**PROBLEM TO WORK ON**
Beginning at the line that contains "Colorado-Elopement-Snowy-Wedding-Ceremony4.jpg", reproduce the entries below exactly, ending with the line that contains "Ucraina. Mappa Ucraina.". Omit each picture.

**DATA TO PROCESS**
--- START ---

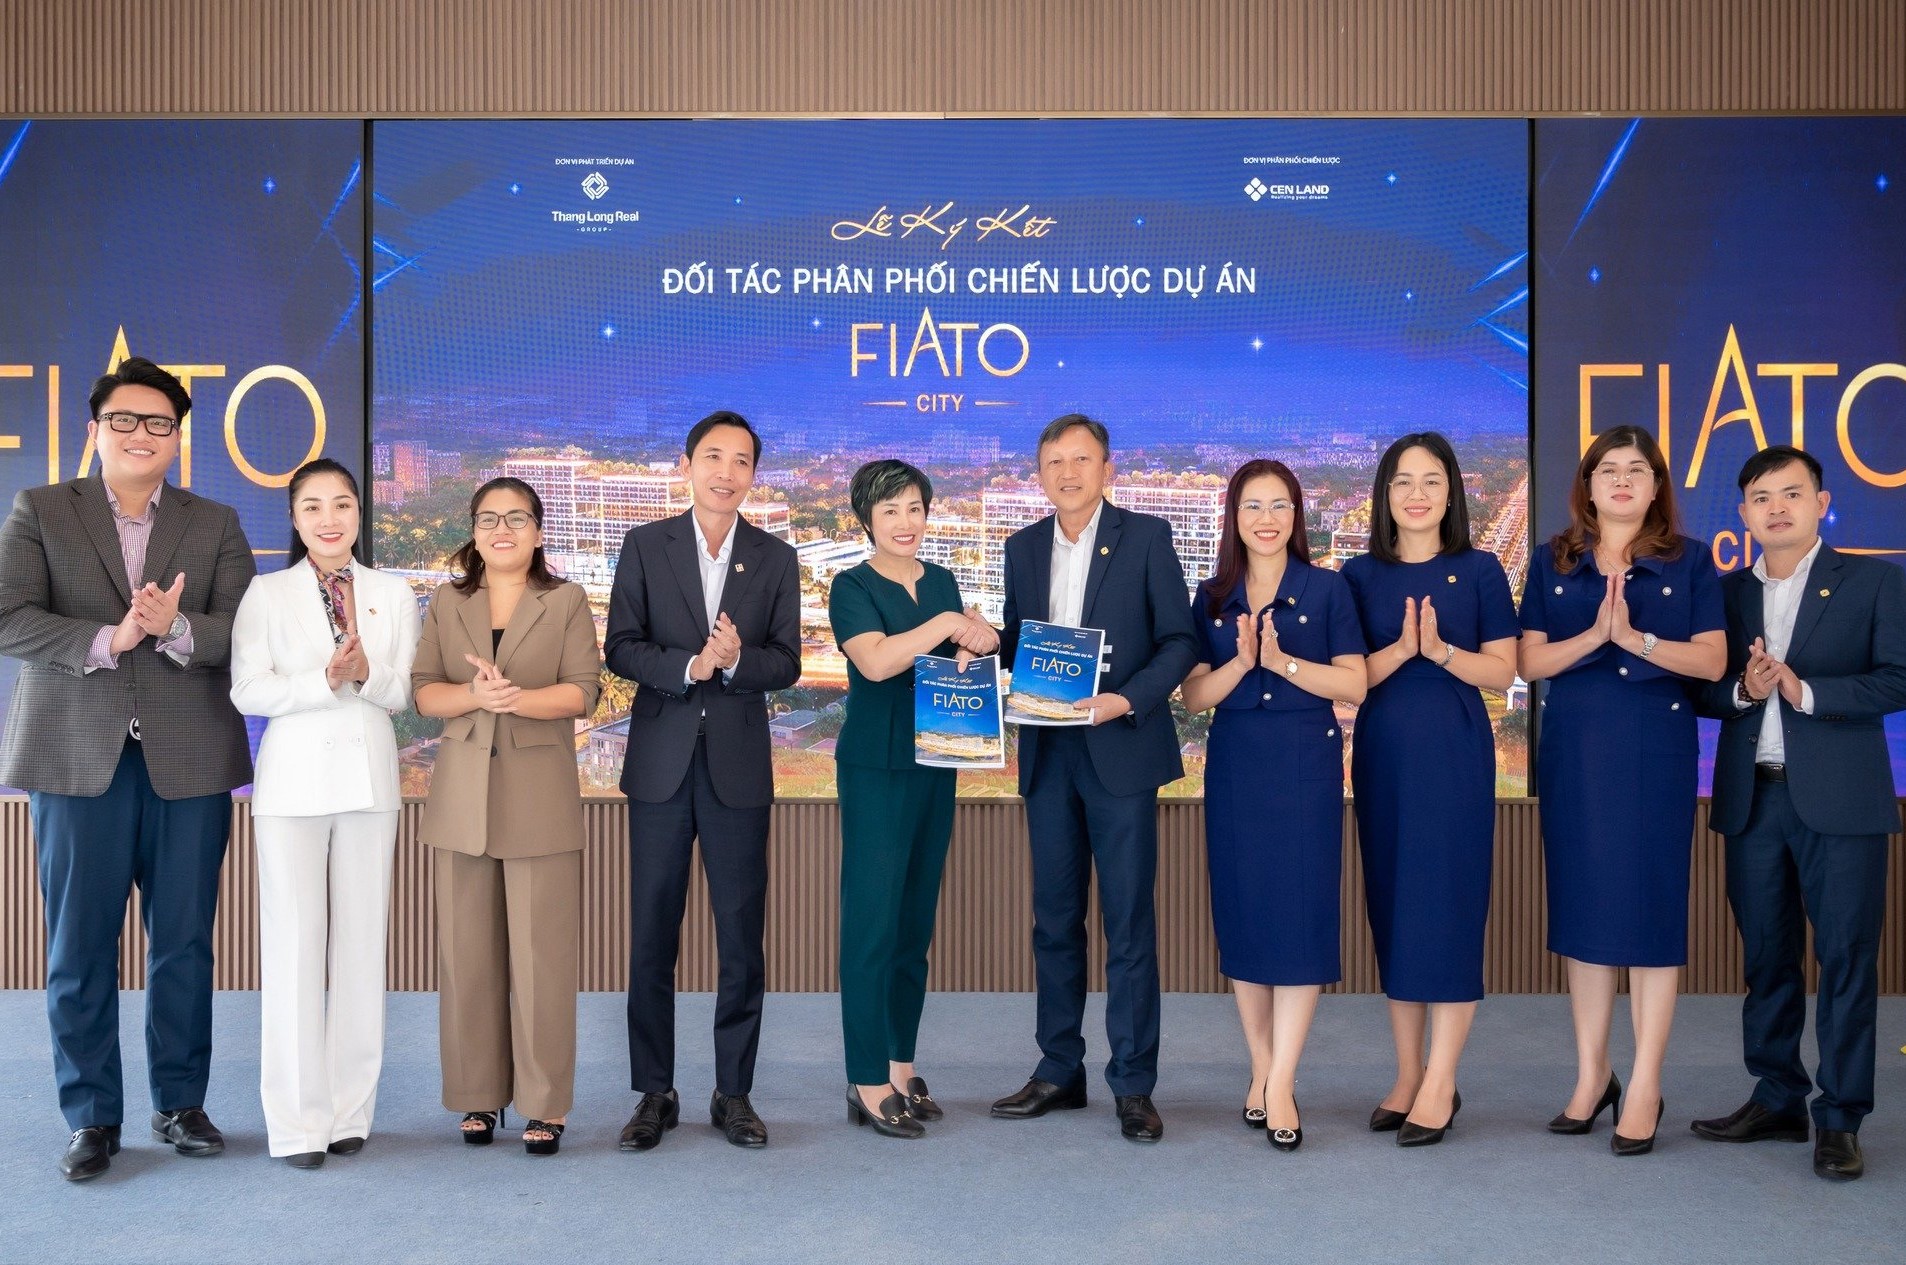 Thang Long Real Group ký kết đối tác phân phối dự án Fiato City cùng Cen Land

--- END ---
--- START ---

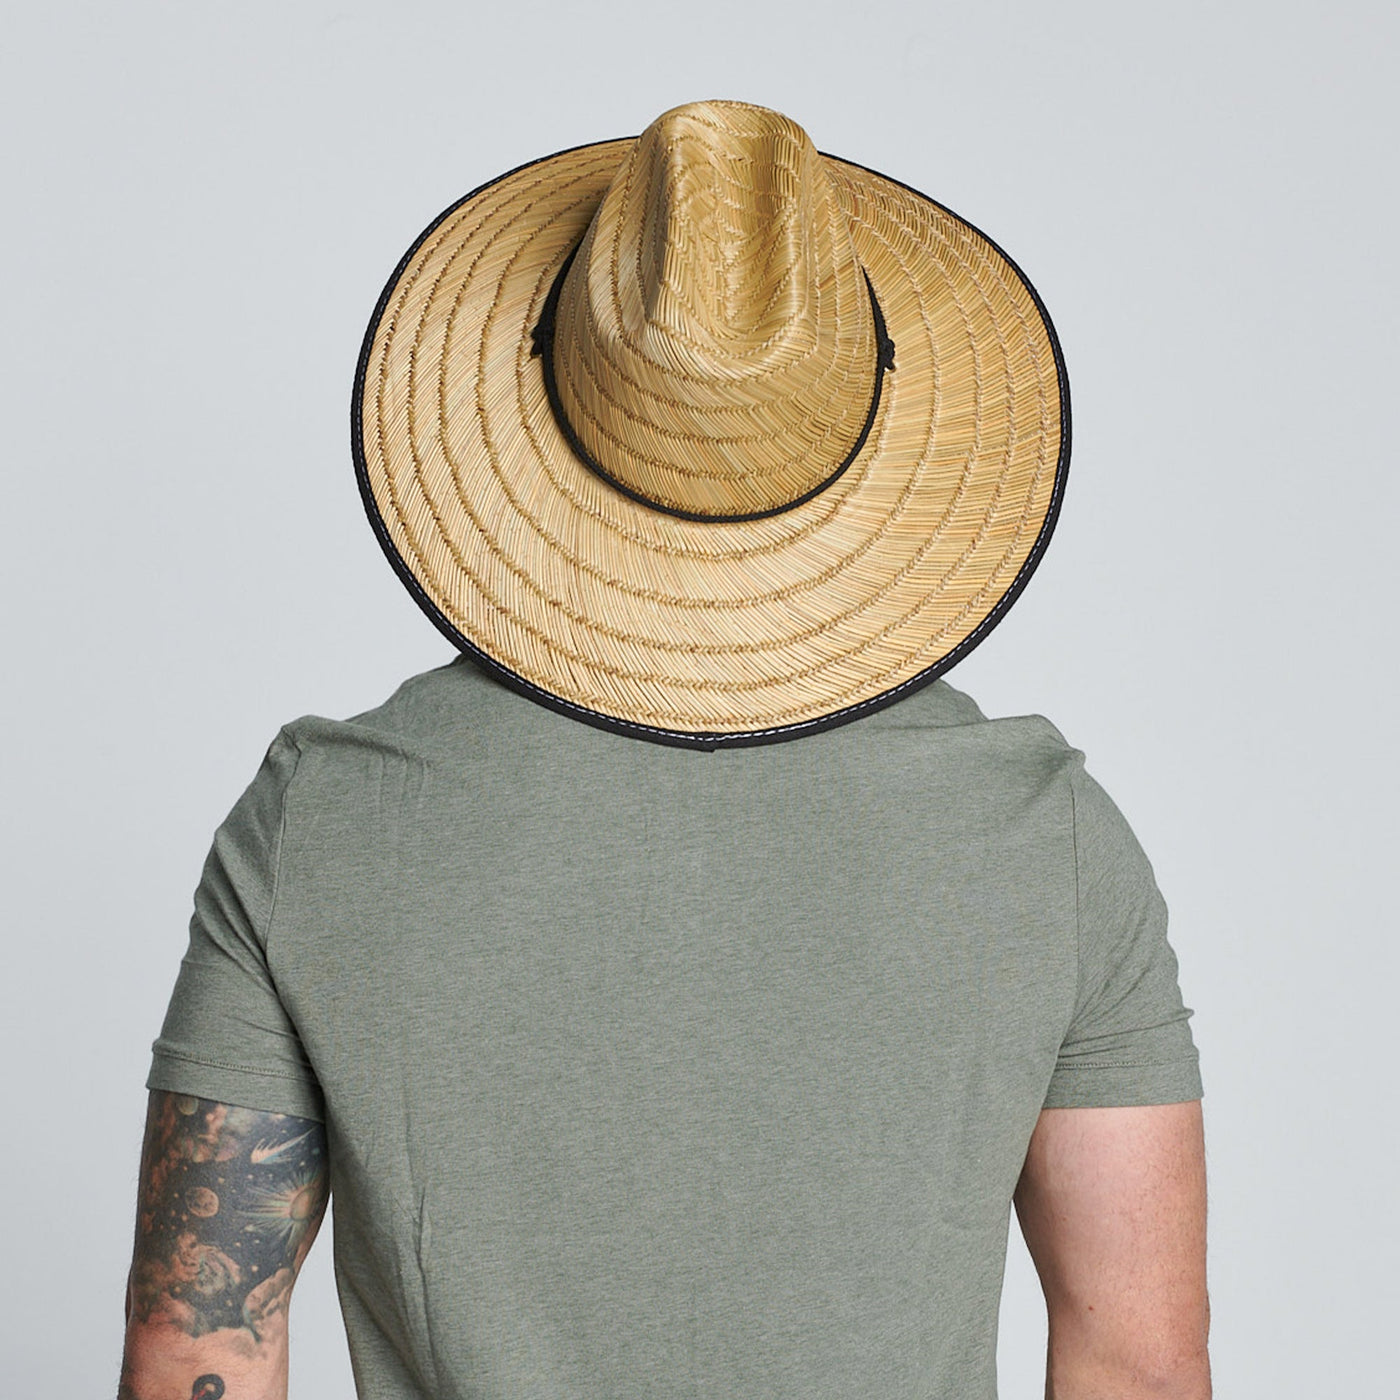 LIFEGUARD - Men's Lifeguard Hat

--- END ---
--- START ---

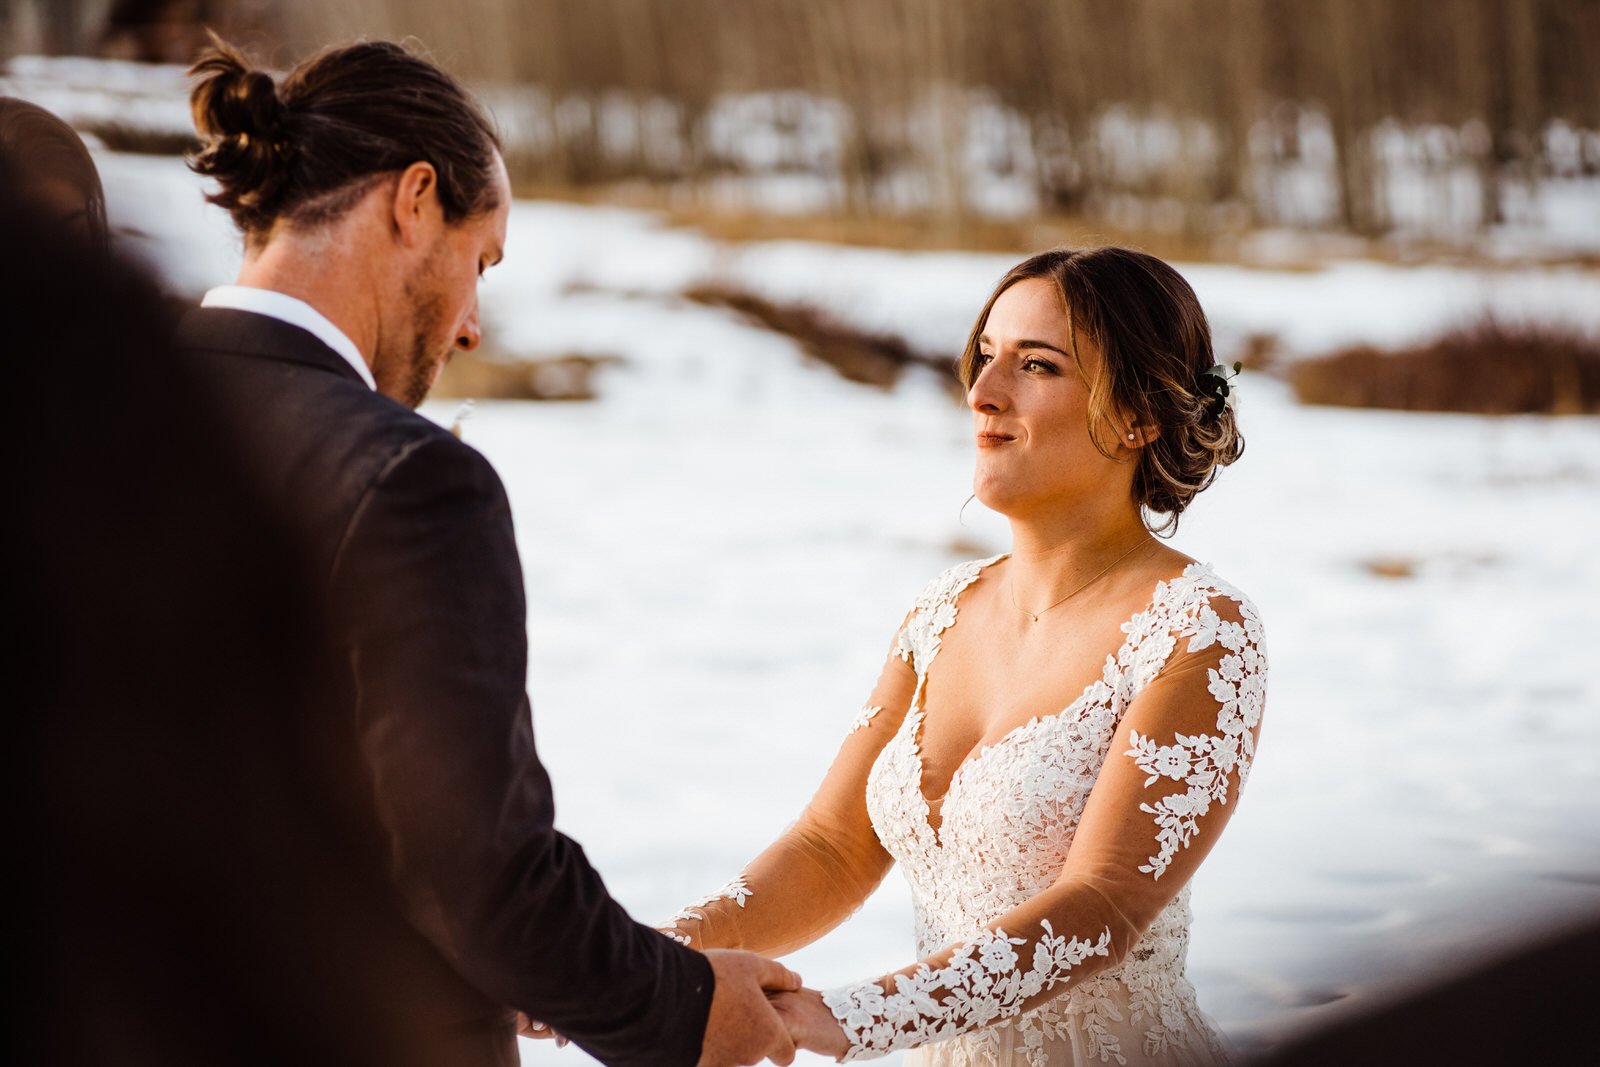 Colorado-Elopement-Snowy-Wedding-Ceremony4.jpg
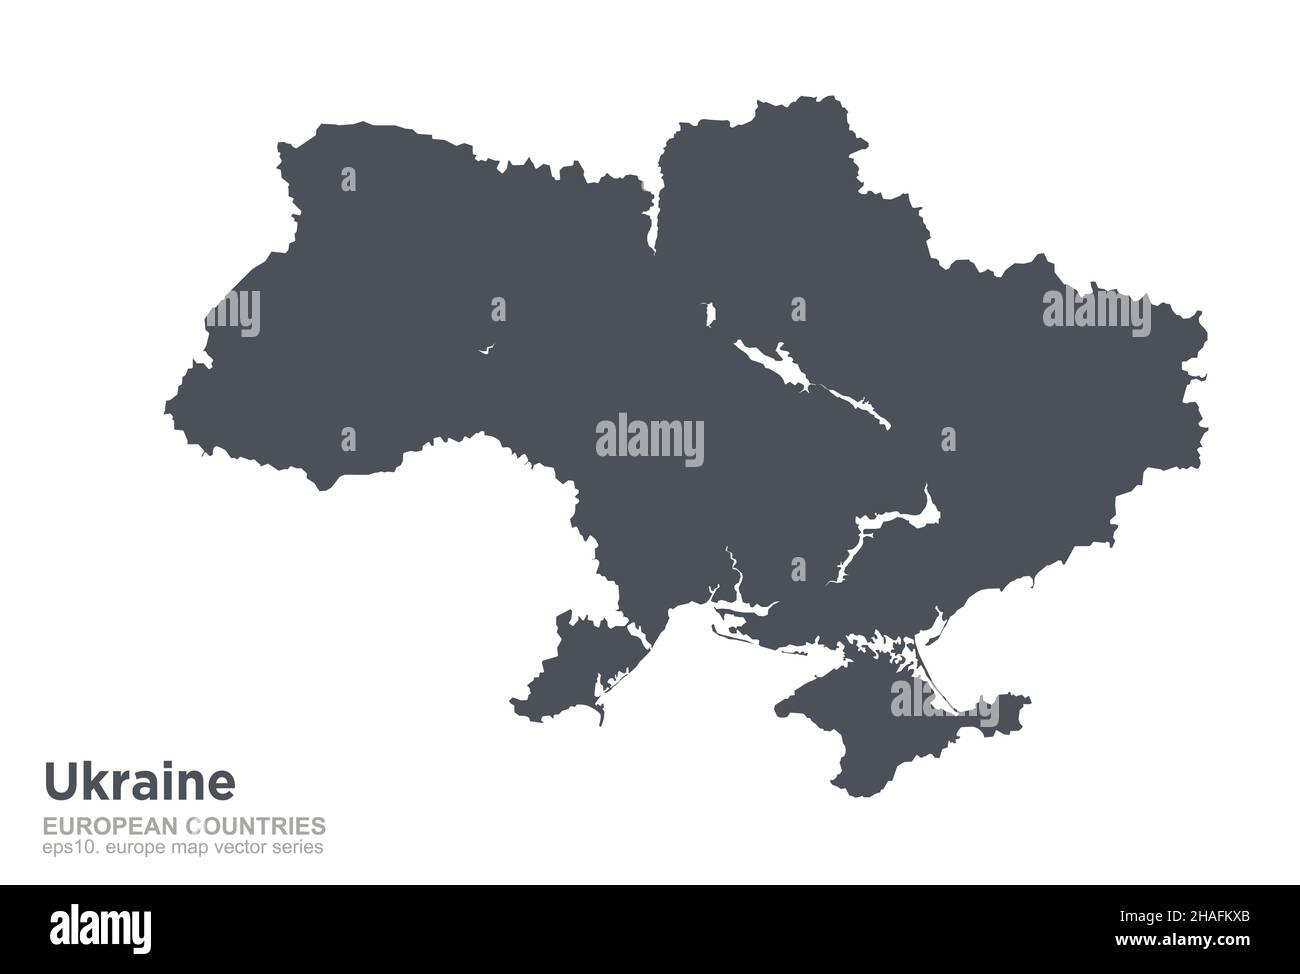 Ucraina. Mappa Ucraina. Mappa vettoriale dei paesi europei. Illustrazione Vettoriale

--- END ---

**SOLUTION TO THIS EXERCISE**
 Colorado-Elopement-Snowy-Wedding-Ceremony4.jpg
 Ucraina. Mappa Ucraina. Mappa vettoriale dei paesi europei. Illustrazione Vettoriale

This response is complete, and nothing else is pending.